Jorge Lossio: el equilibrio entre la historia y el yoga
El historiador, profesor PUCP y director del Instituto Riva-Agüero nos cuenta cómo la práctica del yoga lo ayuda a mantener la calma y el enfoque en medio del ritmo intenso de la vida académica.
En medio del ritmo intenso de la Universidad, el tráfico limeño y la incesante avalancha de información, el Dr. Jorge Lossio, historiador y director del Instituto Riva-Agüero (IRA-PUCP), encontró en el yoga un refugio, un espacio de silencio y equilibrio que lo acompaña desde hace más de una década. “Dentro de todo, con limitaciones, el yoga es lo que me mantiene medianamente cuerdo en Lima”, confiesa risueño, mientras recuerda cómo esta práctica se convirtió, poco a poco, en parte de su vida cotidiana.
De la búsqueda al encuentro
Su encuentro con el yoga no fue una decisión planeada. Como muchos, Lossio inició su búsqueda de bienestar probando distintas actividades: gimnasio, natación y running. «Primero me metí al gimnasio… y lo odié. Realmente, qué lugar tan odioso”, recuerda. No se sintió cómodo en un ambiente competitivo donde —dice— “todo era pura pose, puro ego, todo el mundo viéndose en el espejo”. Esa incomodidad lo llevó a buscar algo distinto, un espacio donde la calma tuviera un lugar.
“Pensé en el yoga y busqué algo cerca de mi casa. Me encontré con el Bikram y me gustó mucho”, cuenta. Así, hace unos catorce años, descubrió el hot yoga, una modalidad que se practica en ambientes con temperaturas cercanas a los 40 grados. “Al comienzo impacta mucho, pero luego te vuelves adicto al calor. Lo buscas porque extrañas esa sensación”, explica.

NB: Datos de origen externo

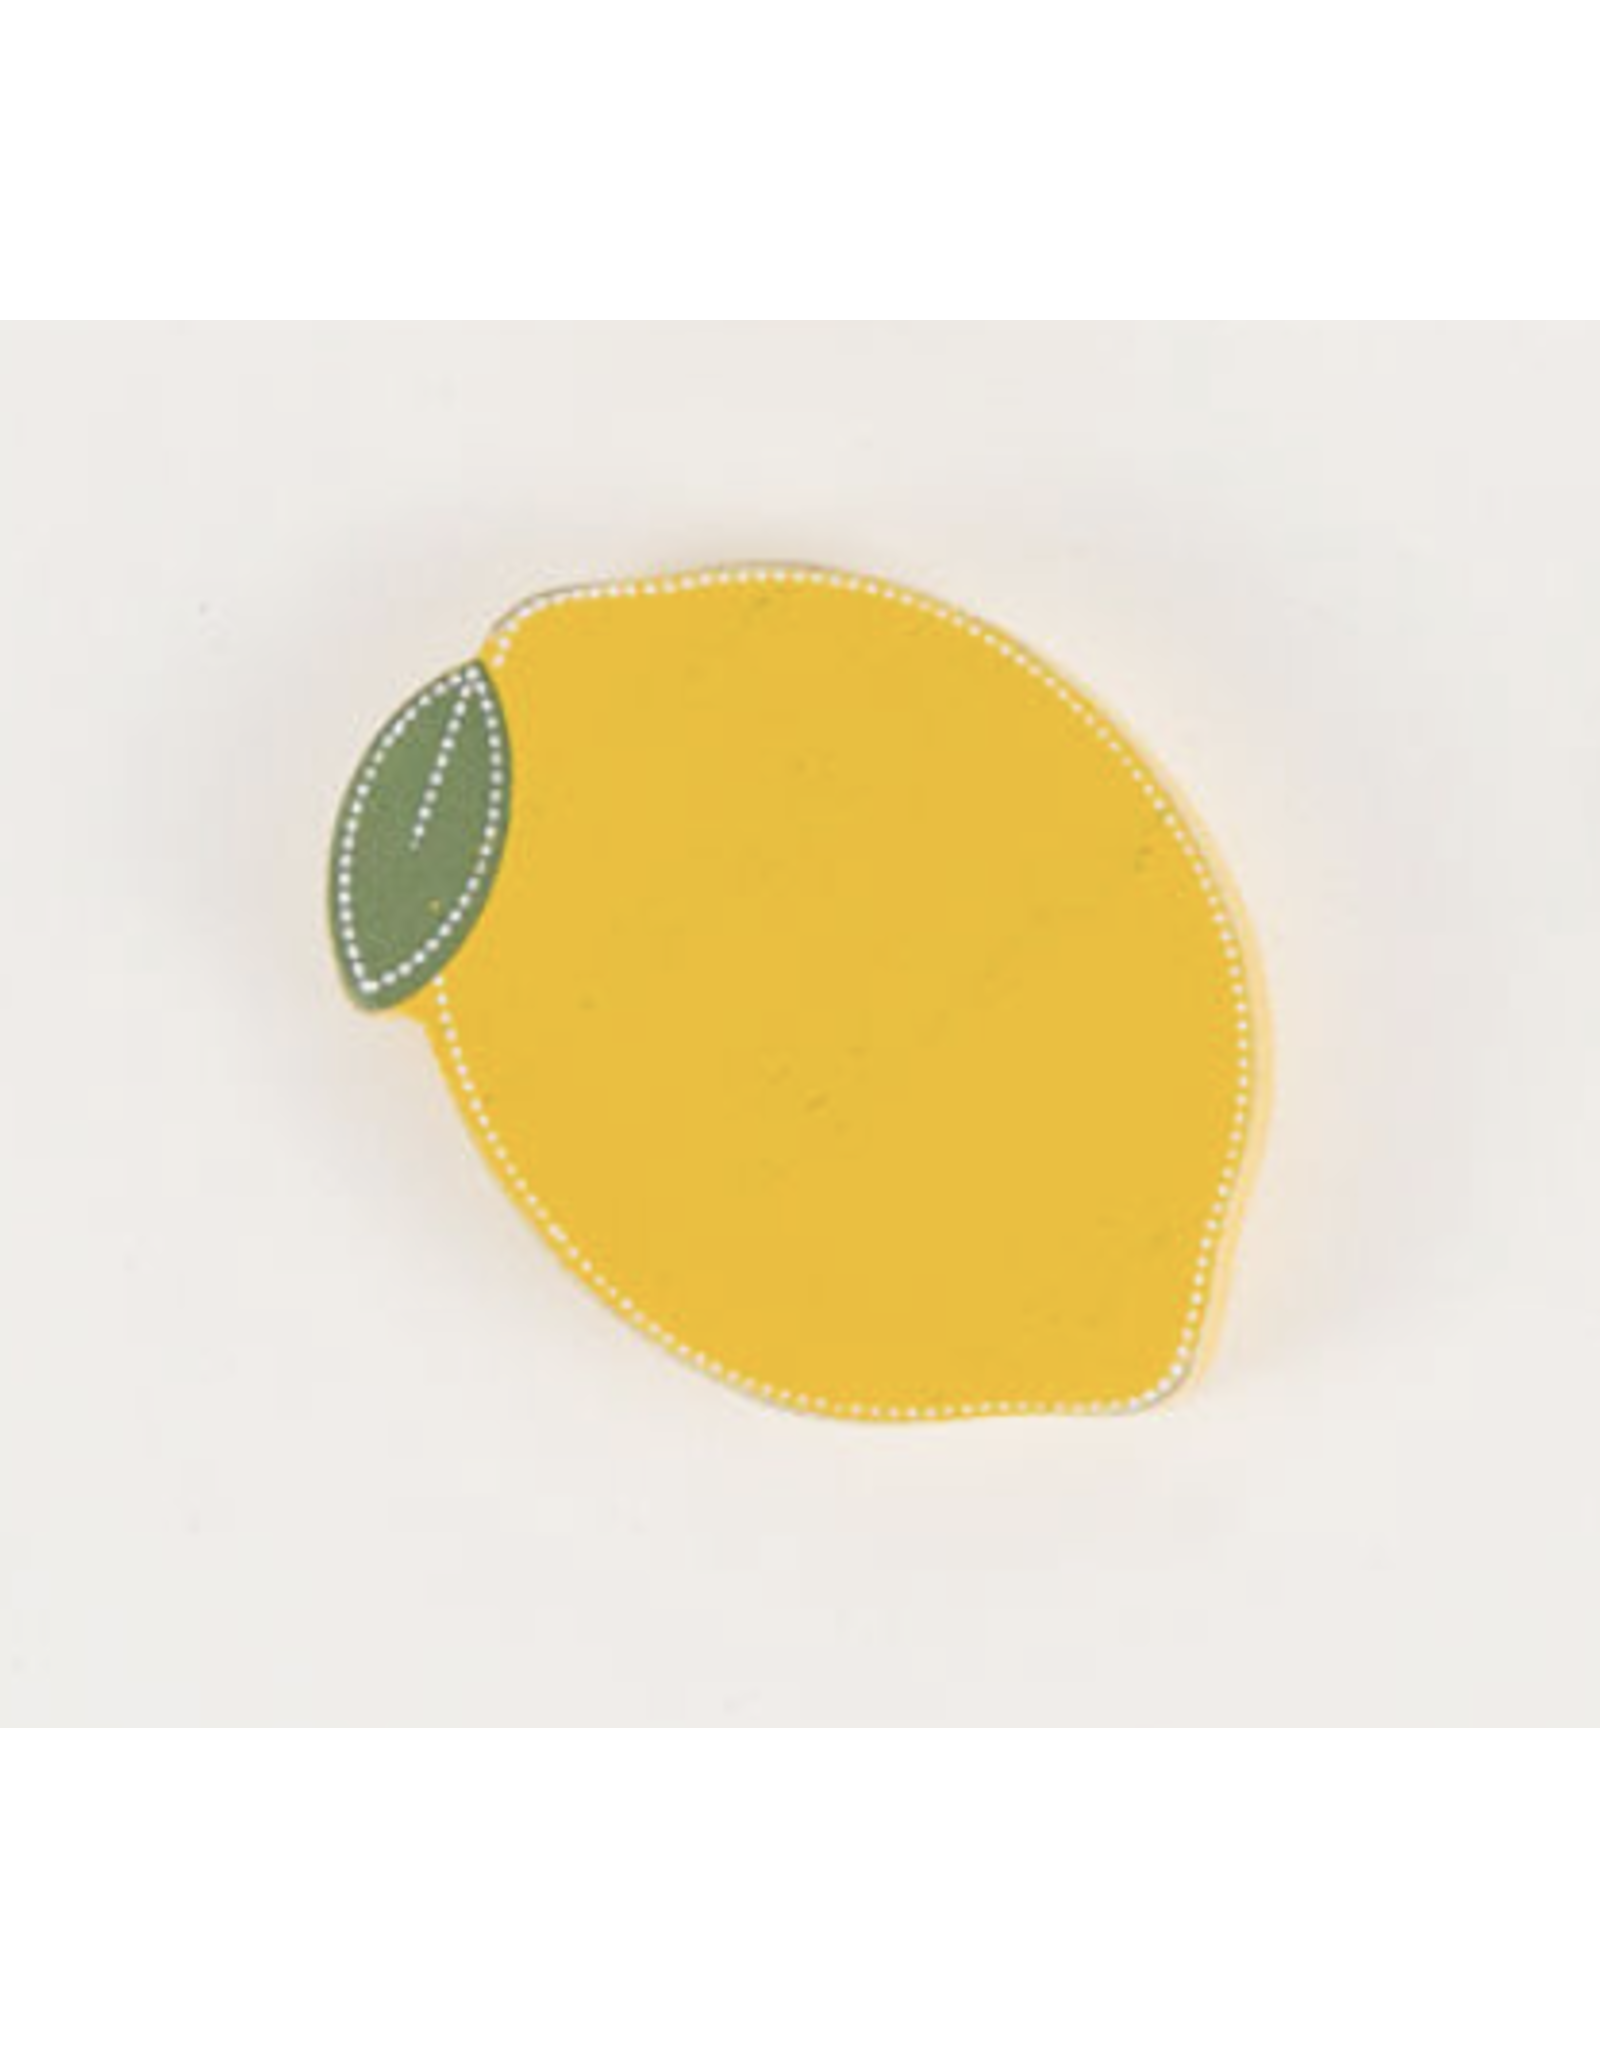 Adams & Co. Lemon Slice Tiles

Un espacio para desconectar
Hoy, Lossio practica casi todos los días, una hora muy temprano, antes de dirigirse al campus de la PUCP o al Instituto Riva-Agüero. Esa hora se ha vuelto un ritual personal: un momento de desconexión total. “El yoga me ayuda a desconectar de estar todo el día con el teléfono, con correos, con problemas. Ahí no hay celular, no hay nada. Es el único momento en que realmente me desconecto”.

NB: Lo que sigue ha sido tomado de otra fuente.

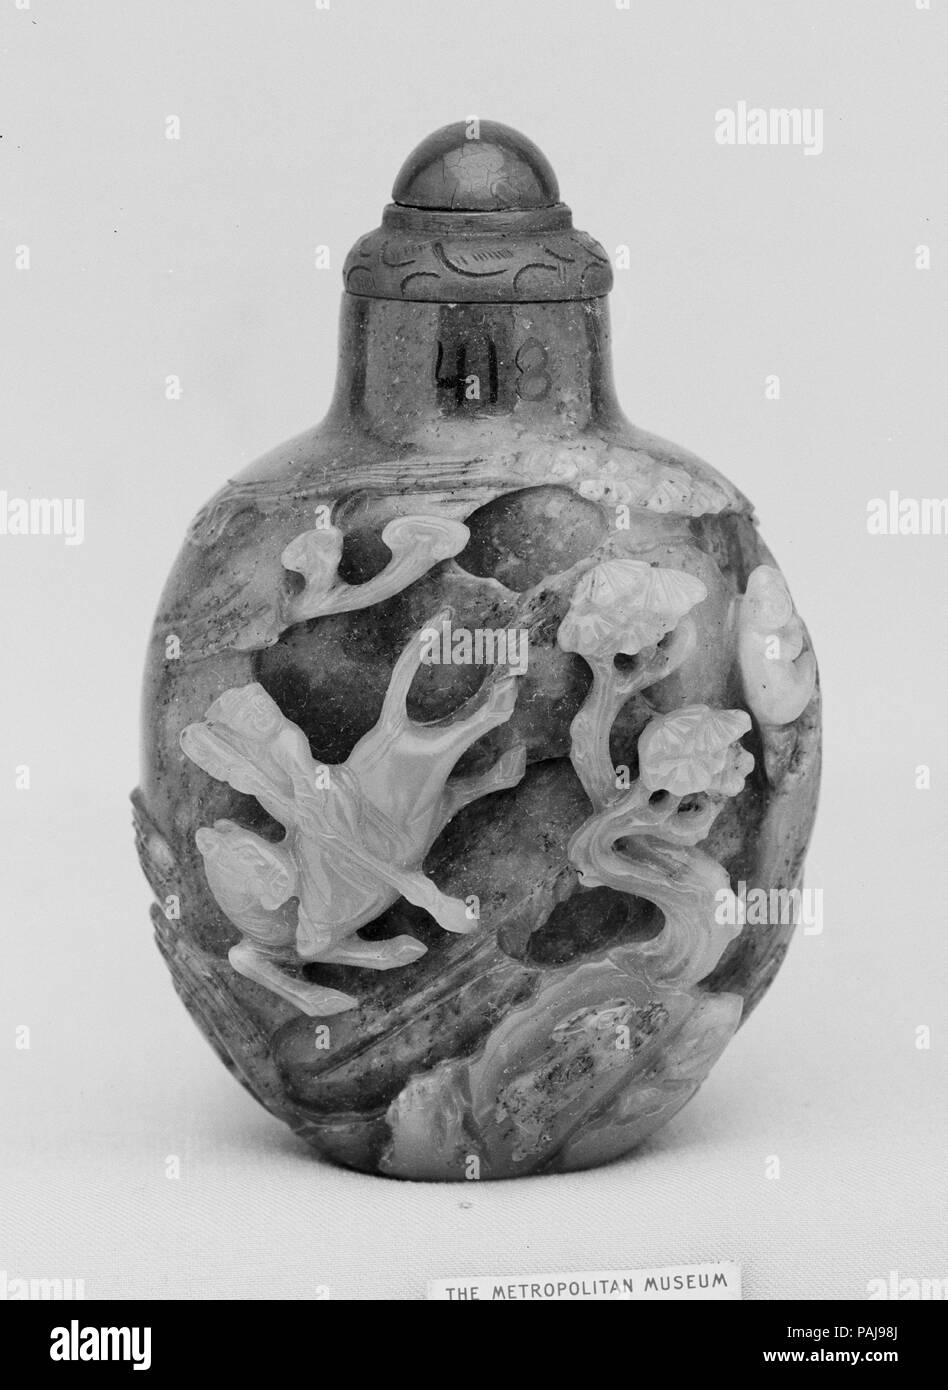 Schnupftabak Flasche mit Stopfen. Kultur: China. Abmessungen: H. inkl. Top 2 7/8 in. (7,3 cm); H. w/o Top 2 3/8 in. (6 cm); W. 1 7/8 in. (4,8 cm); D.1 1/4 in. (3.2 cm). Museum: Metropolitan Museum of Art, New York, USA. Stockfoto

El yoga me ayuda a desconectar de estar todo el día con el teléfono, con correos, con problemas. Ahí no hay celular, no hay nada. Es el único momento en que realmente me desconecto”.
El historiador nos cuenta que practica en un estudio de Miraflores, aunque con cierta nostalgia recuerda el espacio donde comenzó que después tuvo que cerrar durante la pandemia. “Ese lugar tenía algo especial. Era un espacio de comunidad, no solo de ejercicio”.
El cierre de aquel estudio coincidió con la pandemia y la pausa temporal de muchas actividades. Al regresar a la presencialidad, buscó otro espacio donde continuar su práctica y lo encontró en un estudio donde, aunque las clases son más físicas y menos conversadas, sigue encontrando el silencio que necesita. “No hay competencia y cada uno avanza a su ritmo. Eso me gusta mucho”.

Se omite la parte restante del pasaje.